Tonight I have been rereading the series of brilliant research reports issued in 1997 and 1998 by Byron Wien and the recently-deceased and greatly-missed Barton Biggs.
The series of reports, written for Morgan Stanley clients, addressed Europe’s structural and demographic problems—secular problems that, according to the two great analysts, were destined to create a full-fledged “European Debt Crisis” no later than 2010.
Rarely has a series of research reports been so prescient.
Wien and Biggs, in the late 1990s, described Europe as already having become “A Giant Open-Air Museum”, a description that became one of the most famous catchphrases of the 1990s. Europe had already become irrelevant, argued Wien and Biggs. Nothing worthwhile was being produced there—and everyone worldwide realized this except the Europeans themselves. No longer fighting for relevancy on the world stage, Europe in the late 1990s nonetheless still tried to observe the fiction that it remained a First-World economy—but Wien and Biggs would have none of that, peeling away such nonsense with productivity and output figures aplenty.
According to Wien and Biggs, declining productivity, declining competitiveness and declining investment, coupled with weak European leadership too short-sighted to see the volcano on which it sat, would result in a prolonged series of collapses of debt-impinged European institutions.
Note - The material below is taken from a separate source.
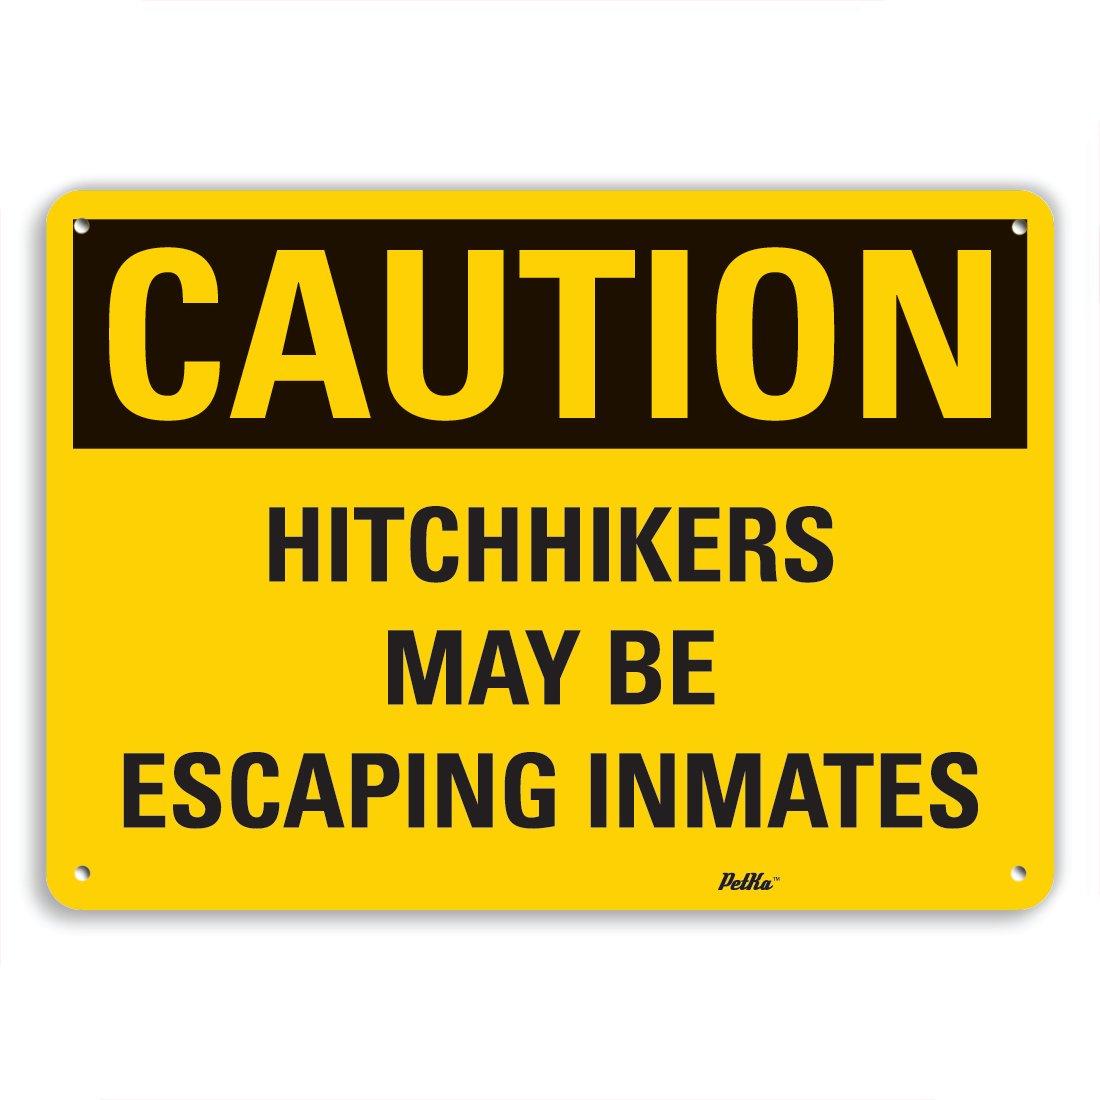 PetKa Signs and Graphics PKFO-0190-NA_10x7 Hitchhikers may be Escaping inmates Aluminum Sign, 10'' x 7''

The collapses would begin with European banks (all but a handful of which today are technically insolvent) and play out over the following fifteen years, spreading first to governments in the Southern European Zone, claiming next the socialist societies of a Scandinavia no longer able to sustain lavish and foolish welfare programs, and ending in Central Europe (“The Last Man Standing”), which would either get its affairs in order in a last-gasp effort or go the way of its European counterparts.
Wien and Biggs noted that, even in the 1990s, Europe was “just getting by” because of tourism from North America and Asia. “If tourism from North America and Asia were to end tomorrow, Europe would implode the following day” was one of the more interesting assessments from the Morgan Stanley analysts.
Without a massive, continuous inflow of foreign funds from tourism, Europe would near-instantly regress to a pre-industrial state similar to Africa—which was precisely why Europe’s status as “A Giant Open-Air Museum” had become not only its defining characteristic by the late 1990s but also its best hope for long-term survival.
Such, at least, was the belief in 1997 and 1998.
Greece, alas, has become proof that “A Giant Open-Air Museum” strategy is not a formula for lasting success.